For the title track, the first music recorded for the project, Bruner collaborated with Brazilian guitarist and singer Pedro Martins. It is Martins who provides revealing insight into the making of the record, recalling how he and Bruner spent the evening of the recording session, “talking about how life can be so unpredictable sometimes. As much as it is unpredictable in bringing challenges all of a sudden, it brings the cure too.” The song they were working on was one of the album’s tributes to Mac Miller.
There’s no escaping that the loss of Mac Miller in 2018 profoundly affected Bruner, and shapes It Is What It Is. “There was a period where I felt I could still hear his voice and mannerisms,” he says, tears forming in his eyes. “It would haunt me. I felt like there was nobody there.” Bruner pauses and, after taking a moment to gaze around the room blankly, his tone switches. The conversation turns to happier memories. “[Miller] was very focused and driven, always balancing so many things. If it wasn’t a girlfriend, it was recording 17 albums at once or throwing some crazy party.” At one soirée held at Miller’s house, the rapper decided to group text his phone’s entire contact list: “He had everybody in there, A$AP [Rocky], Tyler [the Creator], Justin Bieber, it was a couple of hundred people, it was a full-on cacophony!” Miller, Bruner explains, shared his affinity for pranks and mischief. “We always used to have this ‘extreme’ joke,” he recalls, smiling. “Every time we’d see each other, you had to extremely do whatever you were doing, so you’d just walk in, yell extreme and do whatever faster and louder. He was very silly like that.”

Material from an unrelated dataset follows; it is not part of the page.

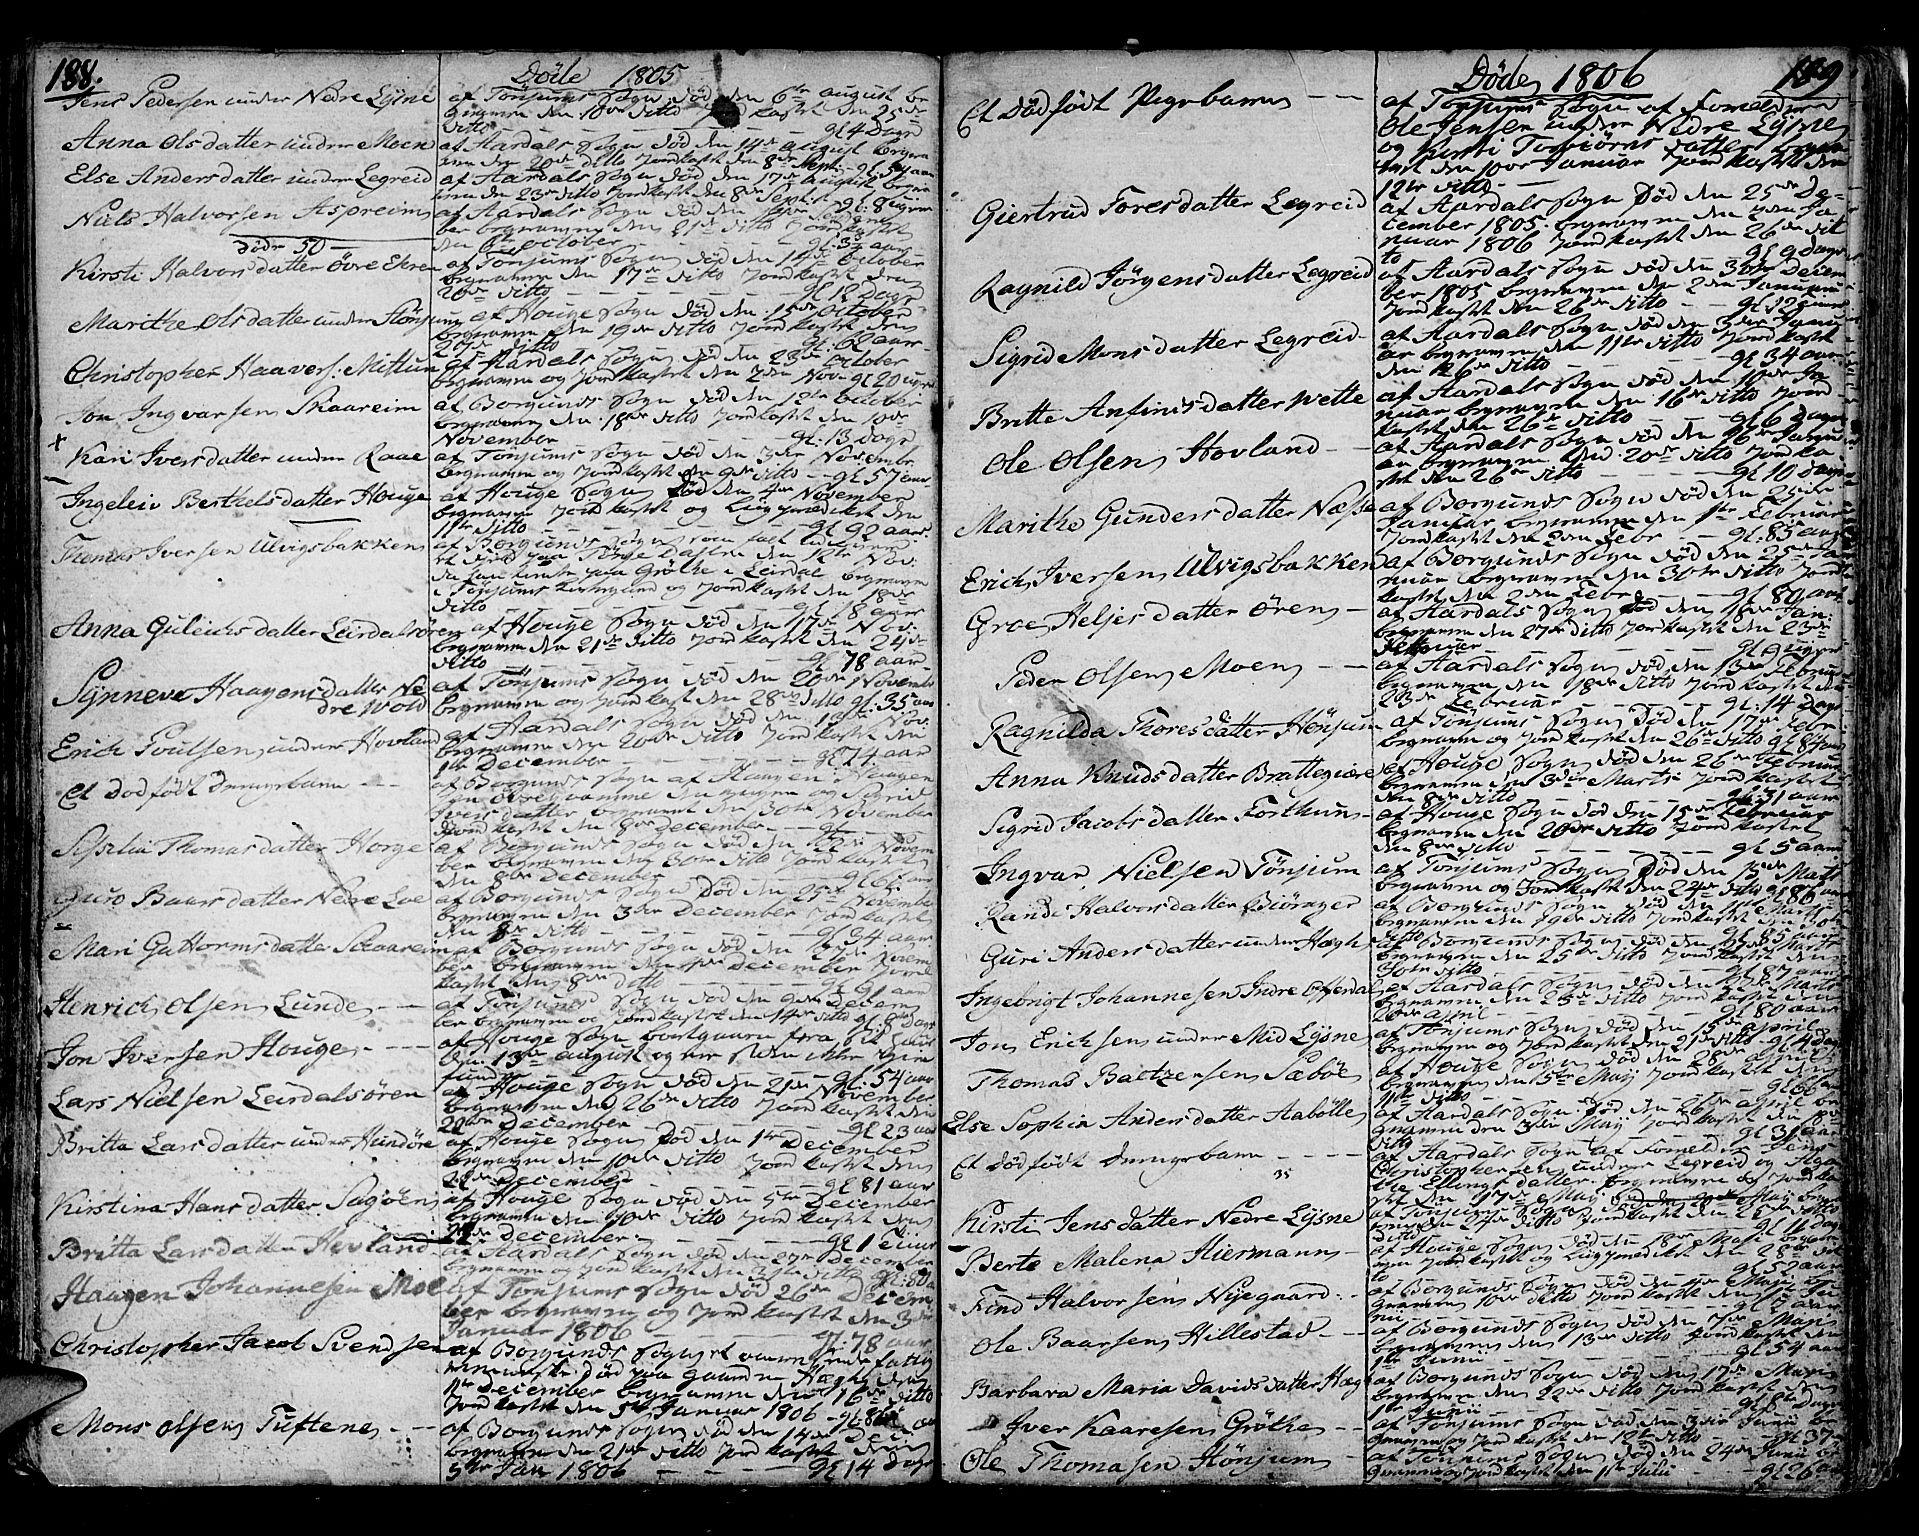 SAB, Lærdal sokneprestembete, Ministerialbok nr. A 4, 1805-1821, s. 188-189
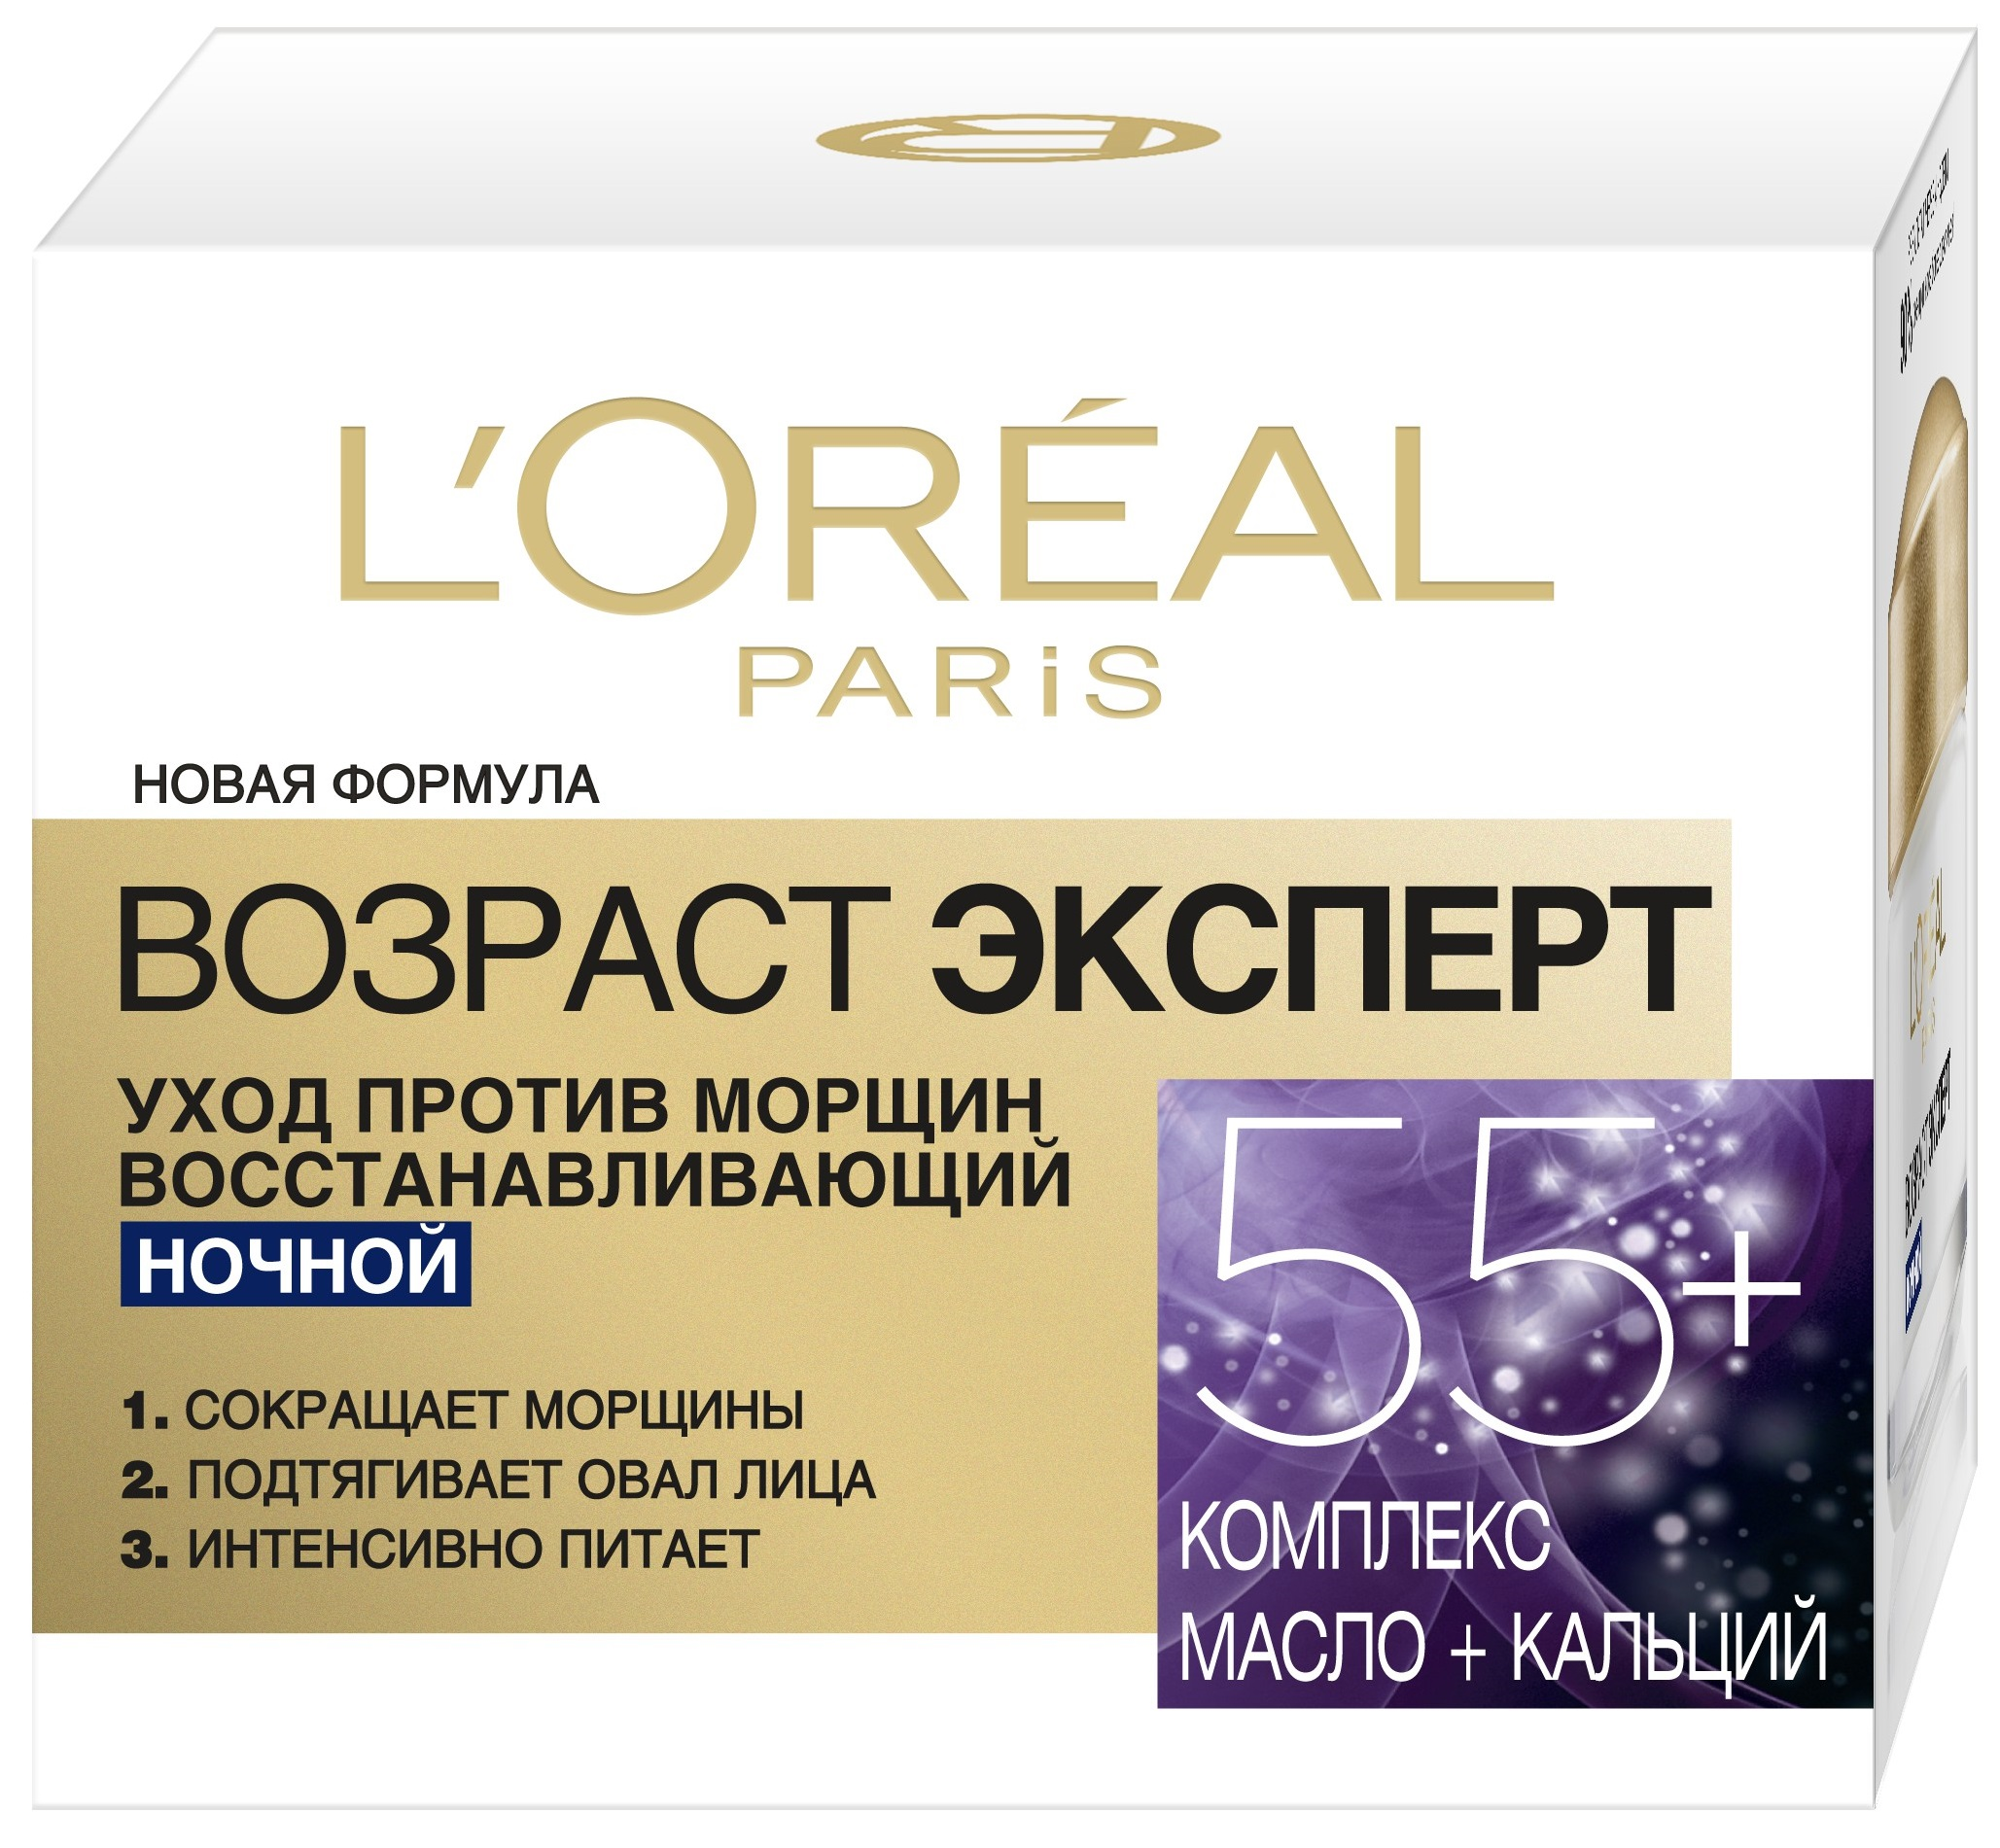 LOreal Paris Ночной антивозрастной крем Возраст эксперт 55+ против морщин, восстанавливающий, 50 млA8126300Ночной антивозрастной крем для лица «Возраст Эксперт 55+» от Лореаль Париж — эффективное средство для борьбы с признаками старения. Уникальная формула крема работает одновременно в трёх направлениях: сокращает морщины, подтягивает овал лица и интенсивно питает кожу.Комплекс масел интенсивно питает кожу, предотвращая возникновение ощущения сухости и стянутости, кальций способствует восстановлению защитного барьера кожи.

I ask Bruner if he ever uses humour as a coping mechanism. In response, he shrugs it off and says he mostly just likes to make people laugh. “[With this album] I just allowed the pain to be what it was and I didn’t try to run from it, I didn’t try to mask it, I didn’t try to overcompensate,” he says, The Powerpuff Girls playing on a muted hotel TV across from him. “I think there’s always a story to be told about the funny part. In general, it’s necessary to find the humour and find it quickly – otherwise you’ll get eaten alive.”